Intercept (b0) from SGD: 14.0984
Coefficients (b_j) from SGD (for SCALED features):
  TV: 3.7675
  radio: 2.7874
  newspaper: 0.0594


In [15]:
# 5. Make predictions on the SCALED test set
y_pred_sgd = sgd_model.predict(X_test_scaled)

In [16]:
# 6. Evaluate the model
mse_sgd = mean_squared_error(y_test, y_pred_sgd)
r2_sgd = r2_score(y_test, y_pred_sgd)
r2_sgd_score_method = sgd_model.score(X_test_scaled, y_test)

print(f"\nModel Performance (SGDRegressor):")
print(f"  Mean Squared Error (MSE): {mse_sgd:.4f}")
print(f"  R-squared (R²): {r2_sgd:.4f}")
print(f"  R-squared (using model.score()): {r2_sgd_score_method:.4f}")


Model Performance (SGDRegressor):
  Mean Squared Error (MSE): 3.1723
  R-squared (R²): 0.8995
  R-squared (using model.score()): 0.8995


In [17]:
# Compare results (they should be reasonably close if SGD converged well)
print("\nComparison (R²):")
print(f"  LinearRegression: {r2_lr:.4f}")
print(f"  SGDRegressor:     {r2_sgd:.4f}")
if abs(r2_lr - r2_sgd) < 0.01 : # Check if they are close
    print("The R² values are very close, indicating SGDRegressor converged well.")
else:
    print("The R² values differ somewhat. SGDRegressor might benefit from further hyperparameter tuning or more iterations.")


Comparison (R²):
  LinearRegression: 0.8994
  SGDRegressor:     0.8995
The R² values are very close, indicating SGDRegressor converged well.

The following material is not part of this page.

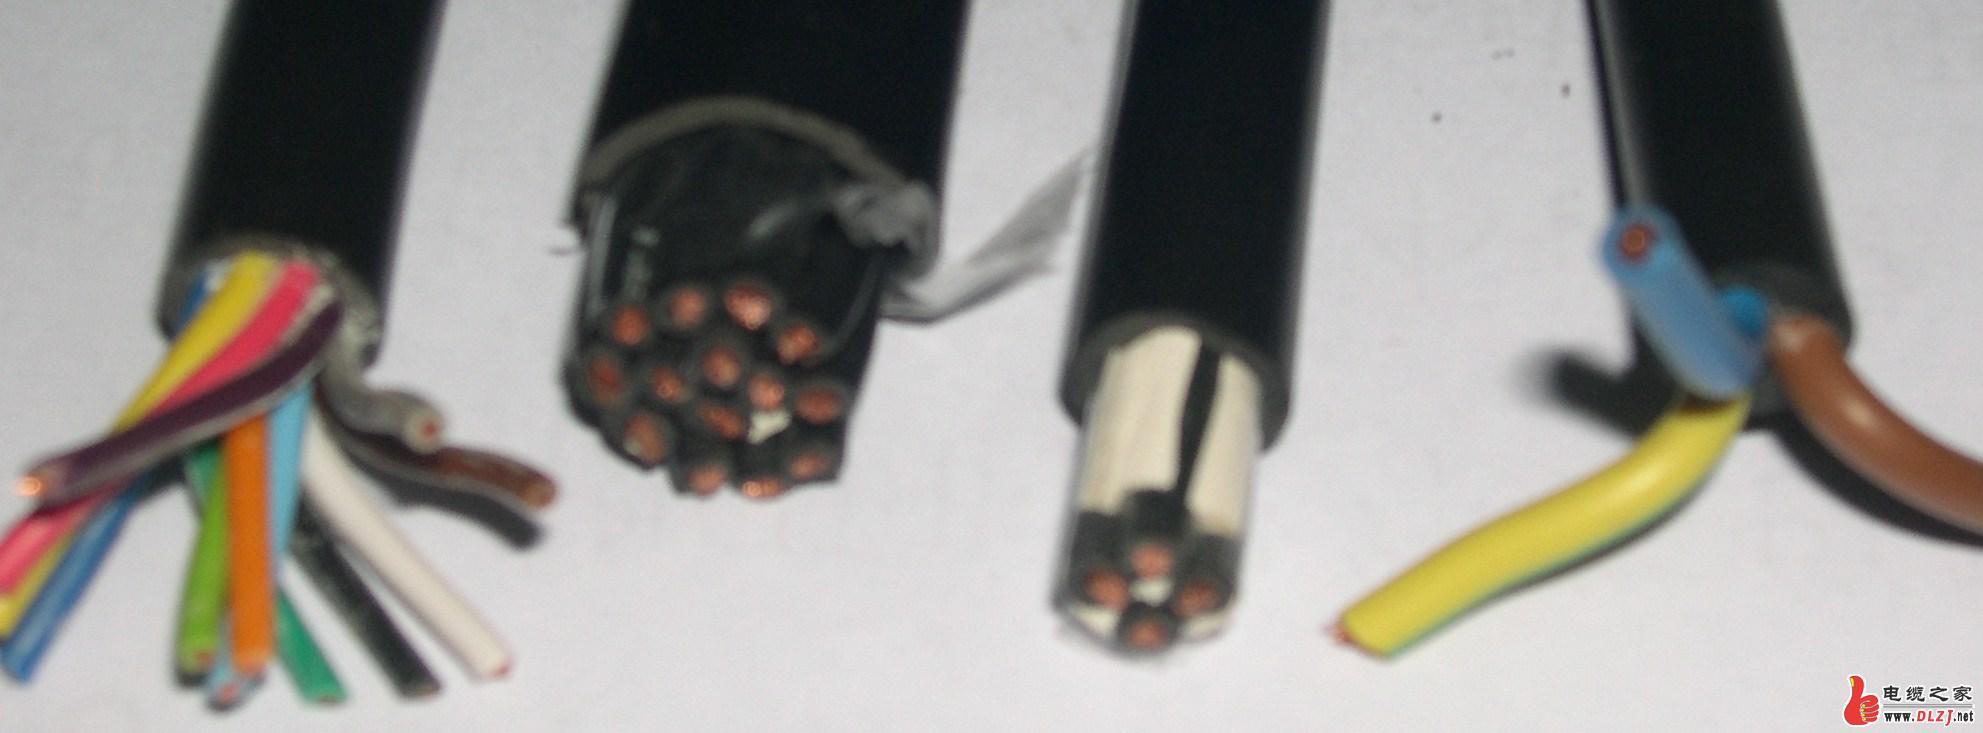 电缆 接线 线 1983_733
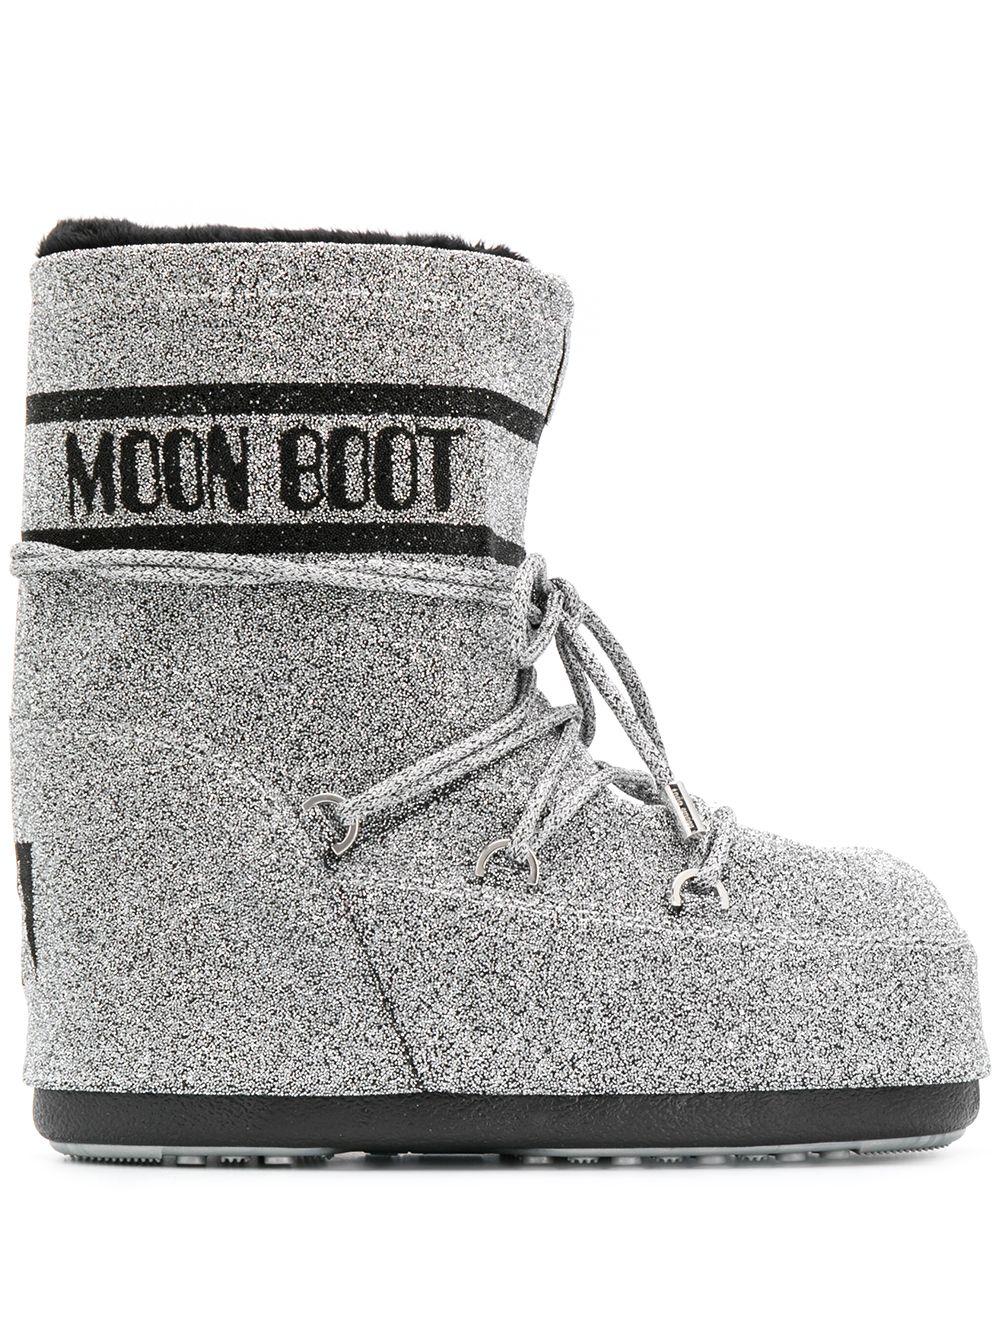 Swarowski Snow Boots

**4. Key Differences and When to Choose:**

| Feature               | `LinearRegression`                                       | `SGDRegressor`                                                               |
| :-------------------- | :------------------------------------------------------- | :--------------------------------------------------------------------------- |
| **Underlying Solver** | Analytical (e.g., SVD, Normal Equation based)            | Iterative (Stochastic Gradient Descent)                                      |
| **Feature Scaling** | Not strictly required (but good practice for numerics)   | **Essential** for good performance and convergence.                        |
| **Hyperparameters** | Few (e.g., `fit_intercept`)                              | Several (e.g., `learning_rate`, `eta0`, `max_iter`, `tol`, `penalty`, `alpha`) |
| **Dataset Size** | Best for small to medium datasets where direct solution is feasible | Scales well to very large datasets (samples & features).                     |
| **Online Learning** | No direct support                                        | Yes, via `partial_fit()` method.                                           |
| **Speed** | Can be slow for very high number of features.          | Can be faster for large datasets if tuned well.                              |
| **Solution** | Exact (up to numerical precision)                        | Approximate (converges towards the solution)                                 |

**In Summary:**
Scikit-learn makes implementing Linear Regression straightforward.
* For most standard use cases where data fits comfortably in memory, `LinearRegression` is simple and effective.
* When dealing with very large datasets or needing online learning capabilities, `SGDRegressor` is the more appropriate tool, but it requires careful feature scaling and potentially hyperparameter tuning.

Both estimators, once trained, provide the `coef_` and `intercept_` attributes, allowing you to understand the learned linear relationship, and the `predict()` method to apply the model to new data.

This concludes our initial look at Linear Regression and its implementation. We've covered simple and multiple regression, the critical assumptions, how the model learns via cost functions and optimization (Normal Equation & Gradient Descent), the mathematical intuition, and finally, how to put it all into practice with Scikit-learn.